Regarding the customers on the 1500 Accounts.
He used the example of Unilever. I chuckled. We all know that one of the most tragic drivers of the 2022 demise (one of the many demis') was the extreme over inflation of the size of the Avaya base of business. The "forecast" was based on converting the base to subscription (and the total abuse of what defines subscription ..the implications being STs ever elusive "they are all just too stupid to get it" so called cloud).

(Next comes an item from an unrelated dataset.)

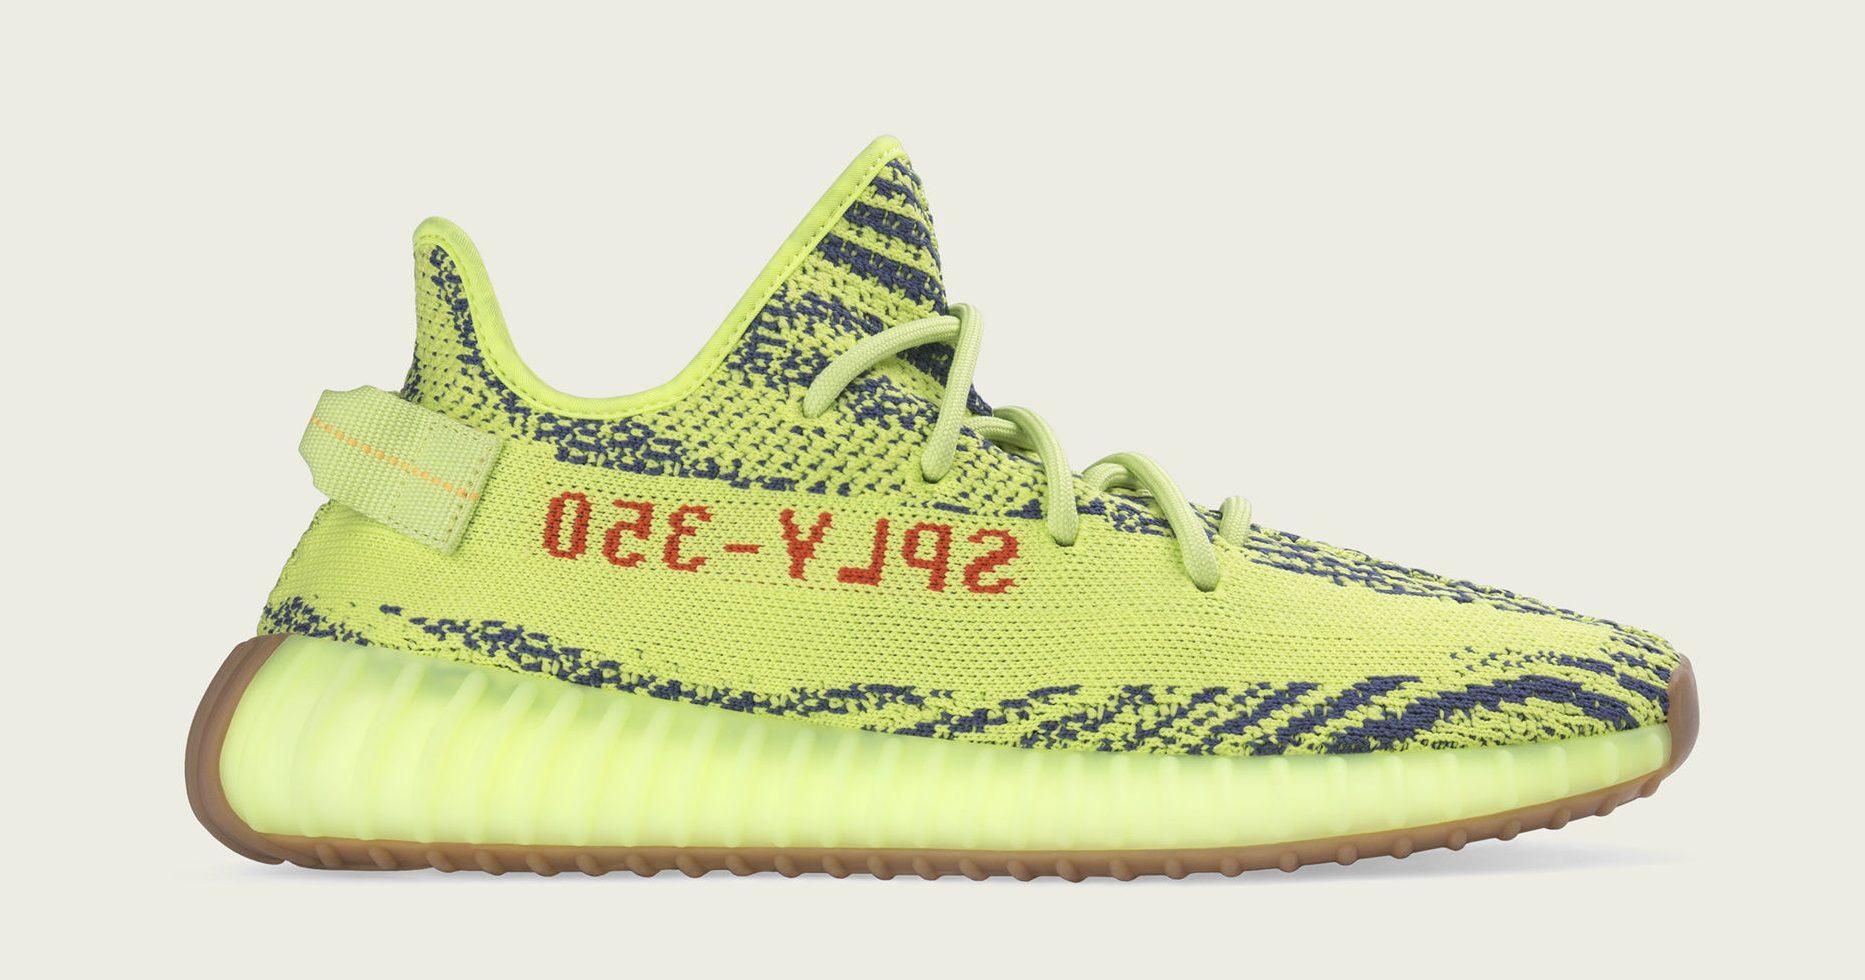 neon yeezy shoes

They couldn't report the #'s b/c they could no longer borrow maintenance fees income and imply it was from converted "base 2 cloud" clients. After 3 years of the great subscription bait and switch, maintenance contracts dried up.
But wait. There's more.
They just delayed the earnings to the final possible extension then filed Chapter 11 and went private in a lend to own scheme resulting in our grand master Apollo. And here we are. They never did need to come clean and report on what this "obviously NOT generating revenue" base really is.

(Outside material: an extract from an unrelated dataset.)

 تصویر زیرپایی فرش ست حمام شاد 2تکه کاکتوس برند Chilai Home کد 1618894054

Let's unpack Unilever. The analyst said the focus is the Top 1500. And in the case of Unilever, that means it really is worth a lot more because they represent "one" of the 1500, but they have ALL the companies under it. Who really believes Avaya has ALL the Unilever brands as a revenue generating client???? The analysts just can't help themselves. They must exaggerate. At least the one still clearly on payroll.
We all know that if Unilever would actually do an internal technology audit, Avaya would likely appear to have less "seats" than the next 3 UC providers. But that's the thing. UC is so insignificant for tech leaders they don't even bother to look.